FROM dbTab INTO TABLE itab_group2
FOR ALL ENTRIES IN result_package
WHERE key_field1 = result_package-key_field1
  AND key_field2 = result_package-key_field2

  AND key_field3 = result_package-key_field3
  AND group_field = 'GR2'.

 “If necessary, implement sorting / aggregation / reduction of fields from itab-group1

… or use a SELECT/ENDSELECT loop (2) to populate multiple internal tables is not of significance in terms of speed.

SELECT
    key_field1
    key_field2
    key_field3

    group_field
    lookup_field
FROM dbTab INTO ls_all

FOR ALL ENTRIES IN result_package

WHERE key_field1 = result_package-key_field1
 AND key_field2 = result_package-key_field2

 AND key_field3 = result_package-key_field3
 AND ( group_field = 'GR1'

 OR group_field = 'GR2')

 AND NOT lookup_date = '00000000'.

CASE ls_rest_plus-group_field.

  WHEN 'GR1'.

    IF itab_group1 IS INITIAL.

 "From this point, the field with the group is no longer important => we therefore only transfer the remaining lines

      MOVE-CORRESPONDING ls_all TO ls_group.

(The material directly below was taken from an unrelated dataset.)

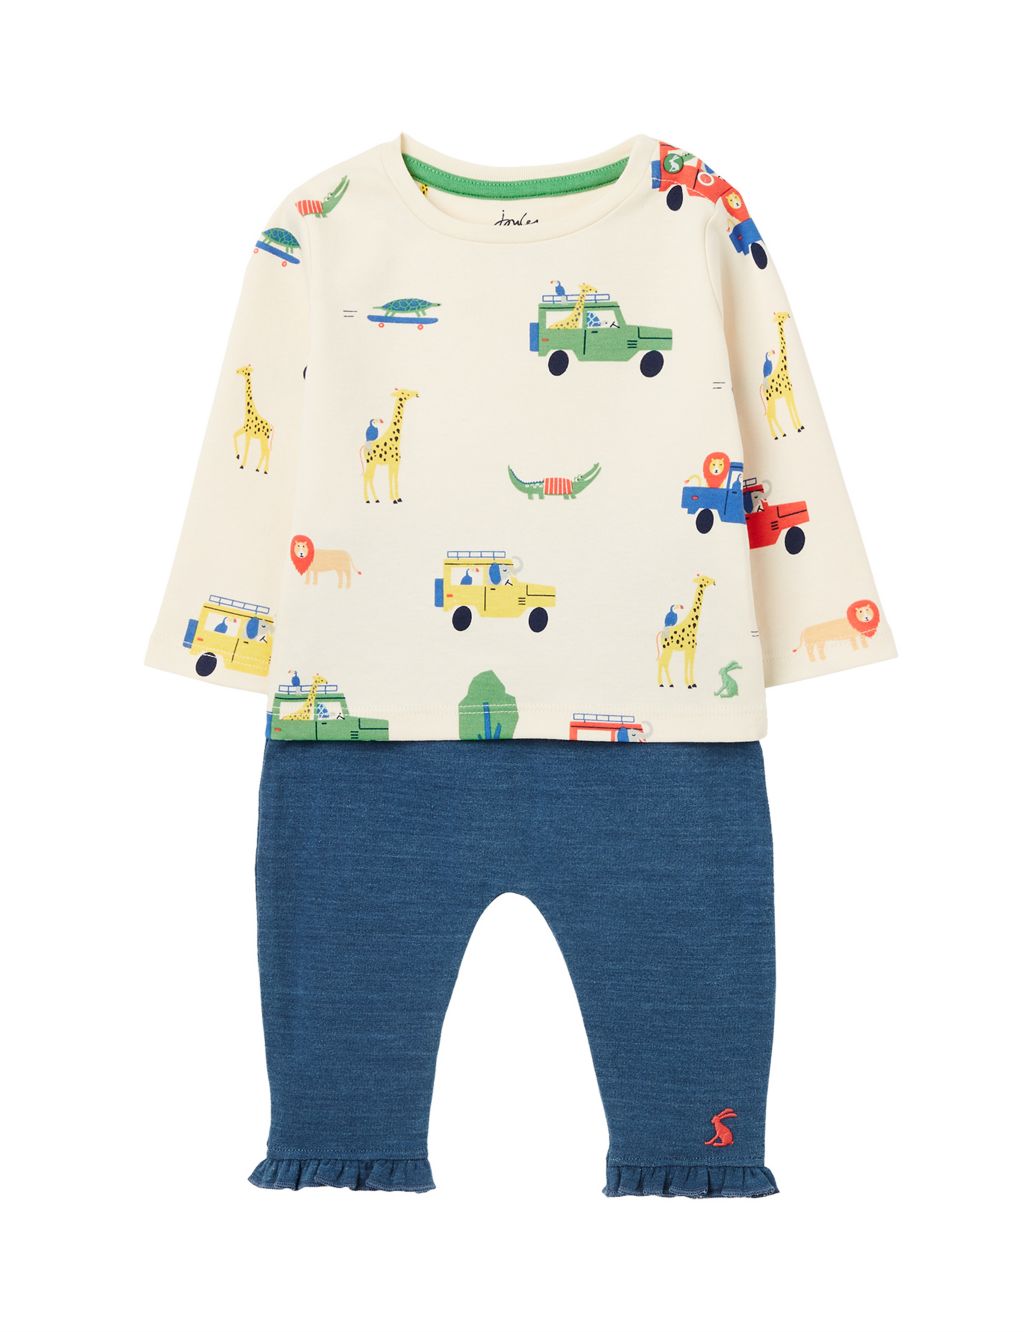 Cotton Rich Printed Outfit (0-3 Yrs) image 1

    INSERT ls_group INTO TABLE itab_group1.
     
   ELSE.
    READ TABLE itab_group1
      WITH TABLE KEY key_field1 = ls_group-key_field1
         key_field2 = ls_group-key_field2
         key_field3 = ls_group-key_field3
    ASSIGNING <fs_group>.

 IF sy-subrc = 0.

 "If necessary, implement update of line from itab_group1

    ELSE.
      MOVE-CORRESPONDING ls_all TO ls_group.

      INSERT ls_group INTO TABLE itab_group1.

     ENDIF.
     ENDIF.

 WHEN OTHERS.

 "As above, but from itab_group2

 ENDCASE.
 CLEAR ls_all.
 CLEAR ls_group.
 UNASSIGN <fs_group>.
ENDSELECT.

For a DTP with a package size of 200,000 and nearly 16 million data records to load, (1) has taken us 43m 39s and (2) 42m 25s. We have read from a table with nearly 190 million data records and have had to create a total of 5 groups of data in internal tables, which then had to be searched in the transformation LOOP for the lookup. And yes, these loads were implemented on BW on HANA. J

 To compare: were we to read from the database for the 5 lookups within the LOOP, we would need c. 5 hours for a load with the same amount of data.

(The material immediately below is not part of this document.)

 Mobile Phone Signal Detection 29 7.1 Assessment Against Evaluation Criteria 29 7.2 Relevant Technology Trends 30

 The comparative speed of methods (1) and (2) is also explored in the theory (section 4.4.2) that the commonly poor reputation of SELECT/ENDSELECT loops is not justified. While these loops do have certain disadvantages, they are in performance terms not necessarily slower than SELECT INTO statements. They are in fact to be preferred when they allow the development of simpler and clearer programming logic. The disadvantages of SELECT/ENDSELECT loops are less relevant for in-memory databases.

 If you are also careful only to select those data records and fields that you later require, you will generally ensure high-performance transformations. The implementation work is definitely worthwhile!